On 30 September 2021, the Naval Institute opened a conference center with a 406-seat auditorium, reception spaces, an indoor/outdoor rooftop terrace, five meeting rooms, and a broadcast studio. It is named for Jack C. Taylor, a decorated World War II Navy fighter pilot who founded Enterprise Rent-A-Car.

==Publications and products==

===Proceedings===
Proceedings is the Naval Institute's monthly magazine. Published since 1874, it is one of the oldest continuously published magazines in the United States. Issues include articles from military professionals and civilian experts, historical essays, book reviews, full-color photography, and reader commentary. Roughly a third are written by active duty and active reserve personnel, a third by retired military, and a third by civilians. Proceedings also frequently carries feature articles by Secretaries of Defense, Secretaries of the Navy, Chairmen of the Joint Chiefs of Staff, and top leaders of the Navy, Marine Corps and Coast Guard. The magazine has published controversial articles on contentious issues; moreover, military officials have been known to block certain articles from being submitted to the journal.

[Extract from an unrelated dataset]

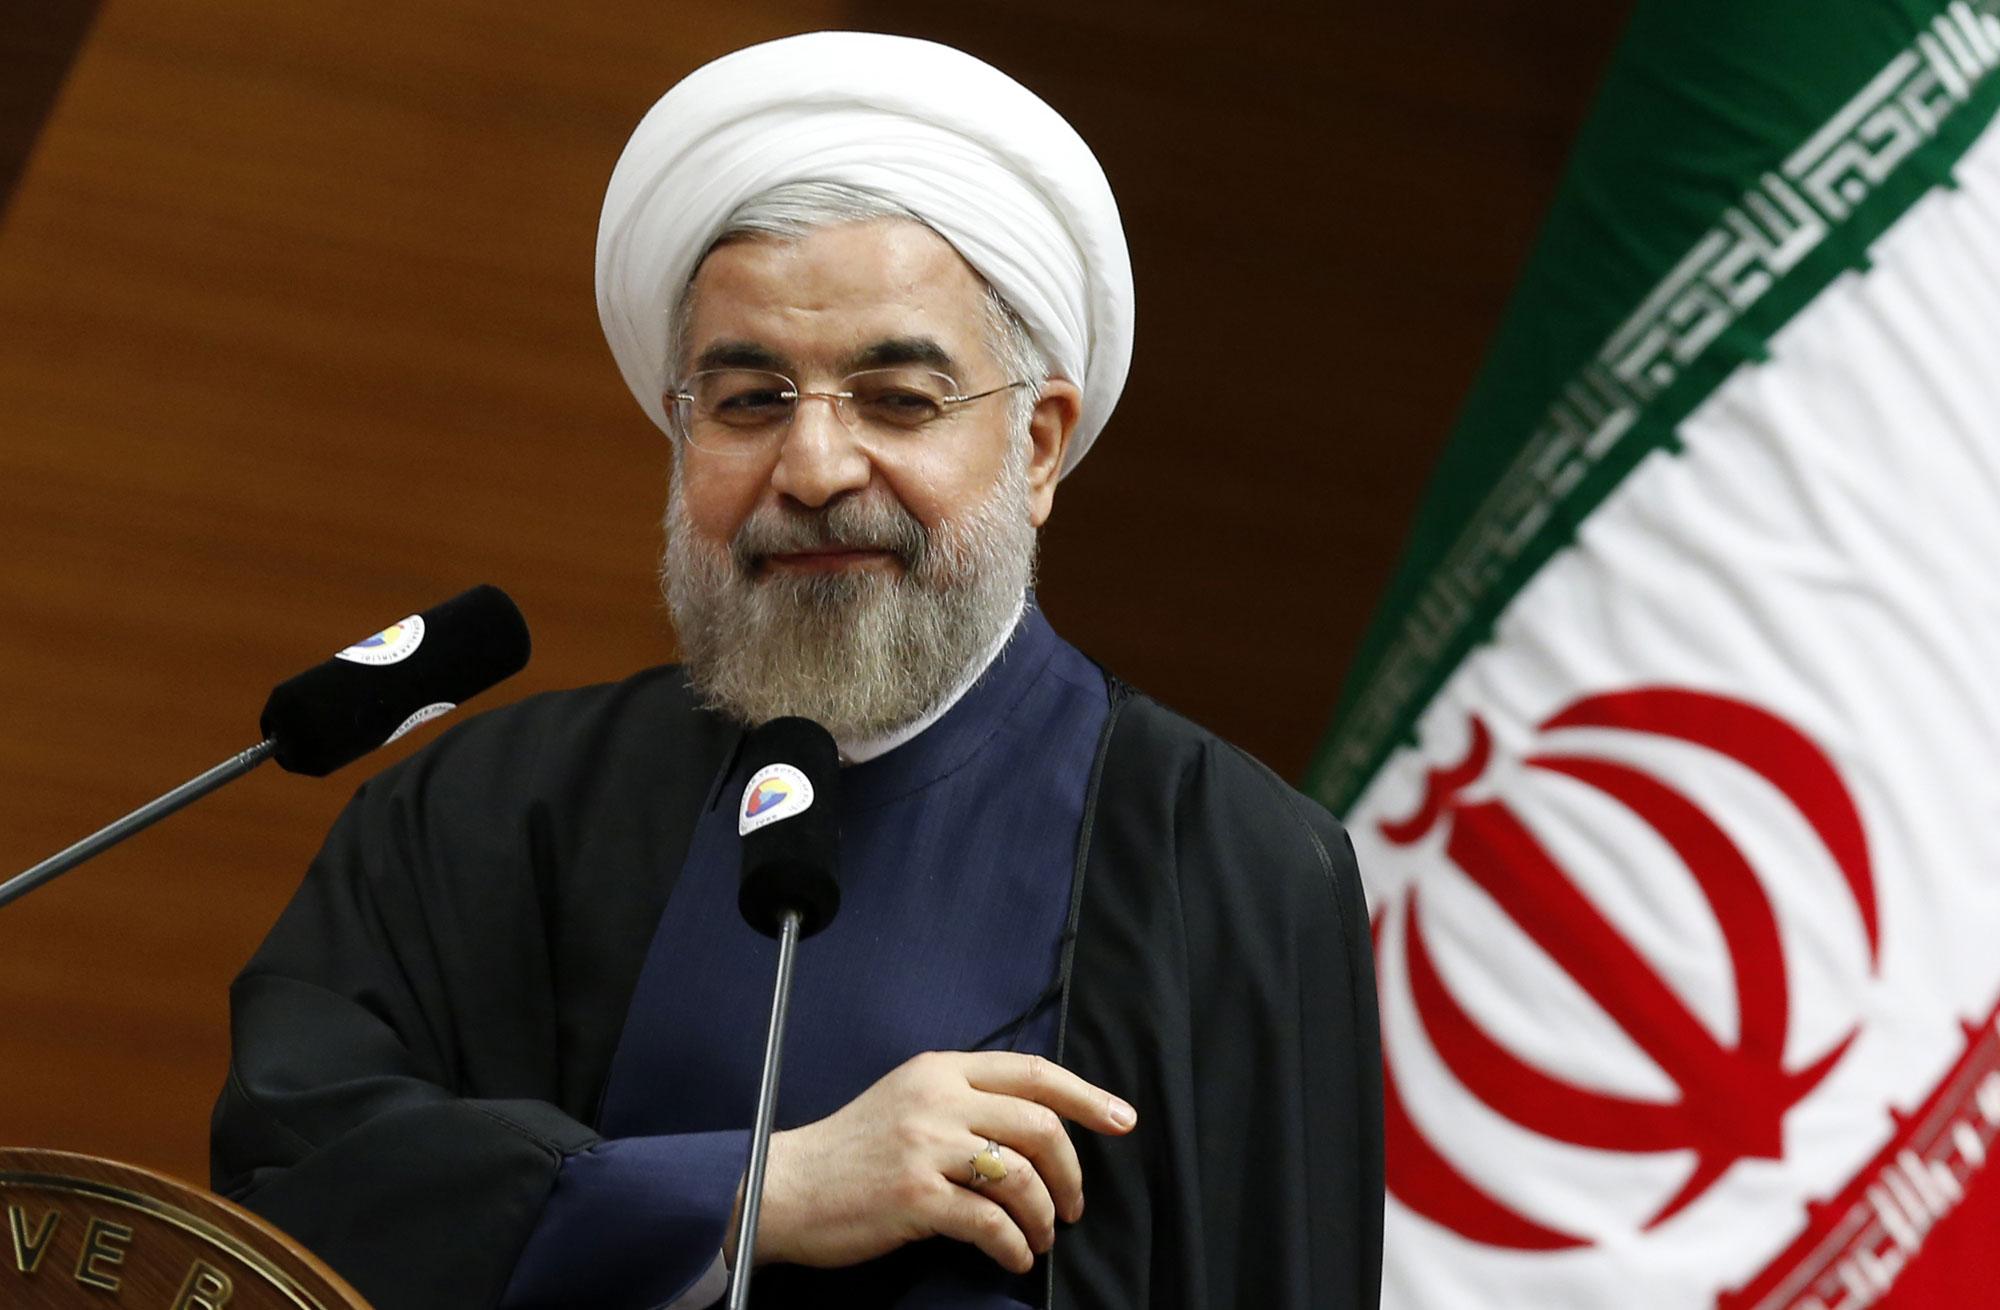 La candidature d'Ahmadinejad à la présidentielle invalidée — Iran

For example, in 1962, the Department of Defense blocked a Marine Corps lieutenant colonel from submitting an article to Proceedings about a 1949 proposal to merge the Marines' aviation units into the Air Force.

===Naval History===
Naval History is the Naval Institute's bimonthly magazine. First published in 1987, its articles detail the role of sea power in American history. The magazine's contributors have included historians David McCullough and James M. McPherson; former sailors, Marines and Coast Guardsmen such as Ernest Borgnine, Gene Hackman, and Douglas Fairbanks Jr.; and journalists, such as Walter Cronkite and Tom Brokaw.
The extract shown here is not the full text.